During this project, youth from the motel strip also built a massive nest out of branches from the Cedar Ridge site, which is actually an old mansion with garden--really deluxe. The nest was then decorated with more motel-like elements like a side table, a TV and bar soap.

Then what Jumblies did once they finished this geographical project with the youth was they had a public exhibit where regular visitors to the centre could go through the same exercise with the figurines. Really, the results seemed quite wonderful. (You can peruse some lovely pics here.)

Community arts--arts as healing--is a far cry from the critically-oriented professional-art debates that have been addressed on this blog of late, but it's still a key facet of art and artmaking. I really look forward to seeing what Jumblies, Cedar Ridge and their participants do with this in the future.

I will end, however, on a slightly less heartening fact--Cedar Ridge has a staffer who helps make city arts programs more economically and socially accessible. Great idea, right? Well, guess how many of these positions/people there are in the whole city's community centre staff. Three--including the one at Cedar Ridge. This in a city of nearly 3 million. So that access support is something to improve upon, even if the programs being delivered are qualitatively pretty great.

Image of Jumblies project "Nesting" figurines from Jumblies Theatre

2 comments:

A.K. said...

Thanks for this article.
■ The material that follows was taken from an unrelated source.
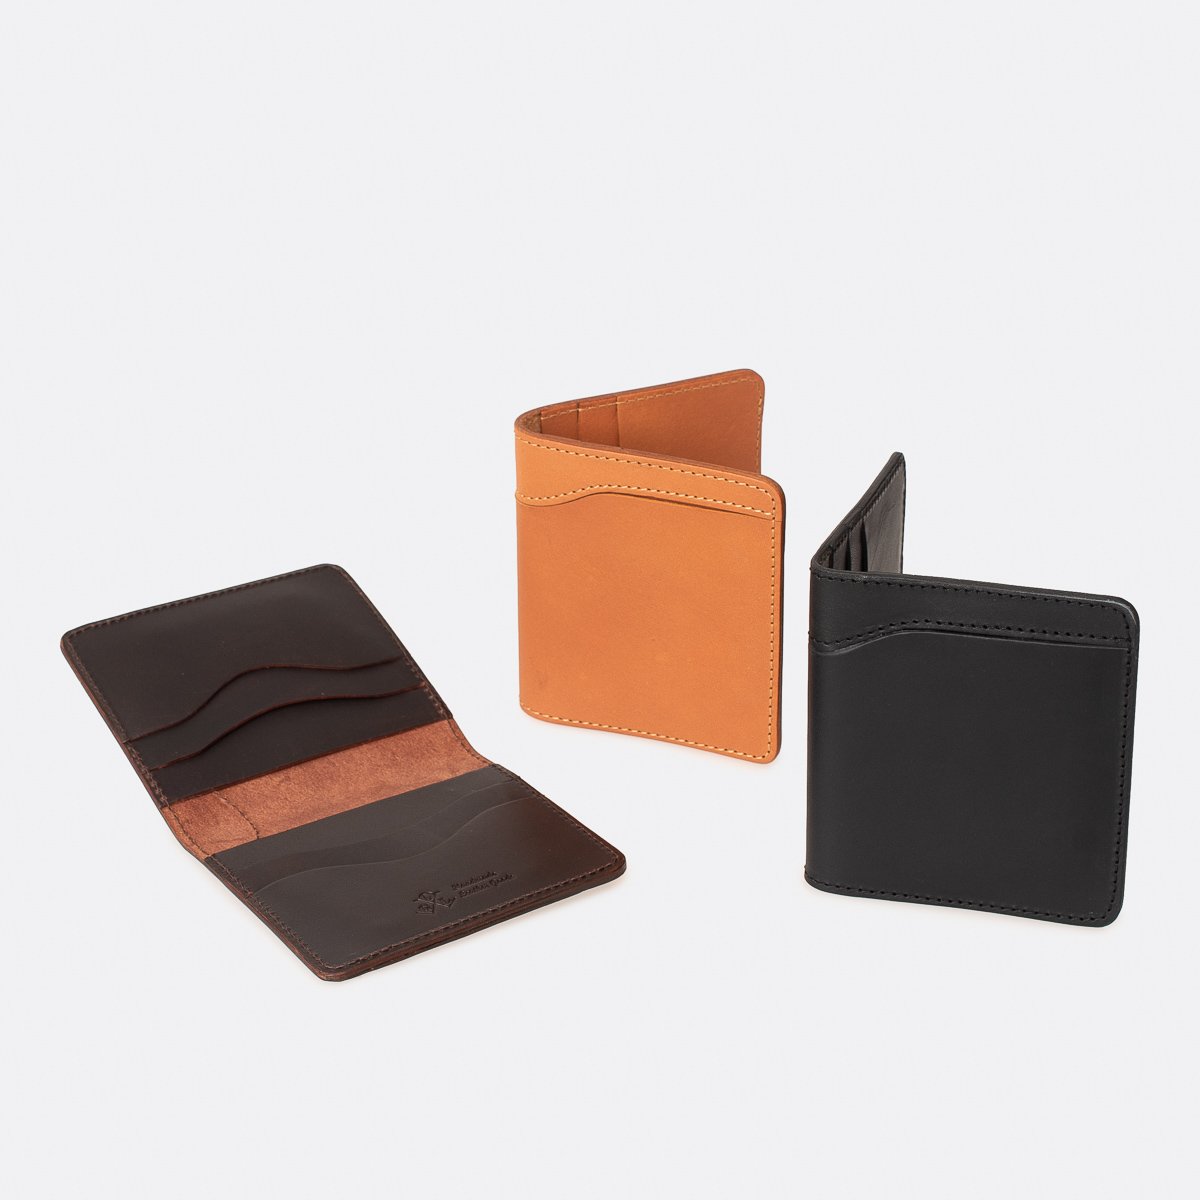 Obbi Good Label Condor Bifold Wallet with Outer Bill Slot - Tan

I followed your link to the Jumblies website and found a nice, big "Donate" button, plus one of the most succinctly meaningful statements about community art-making that I've read in a while:

"Jumblies makes art in everyday and unexpected places with, for and about the people and stories found there, thus creating transient utopias and far-reaching ripples."

Leah Sandals said...

I didn't catch that sentence before, AK. Thanks for pointing it out... and for the point about donations as well.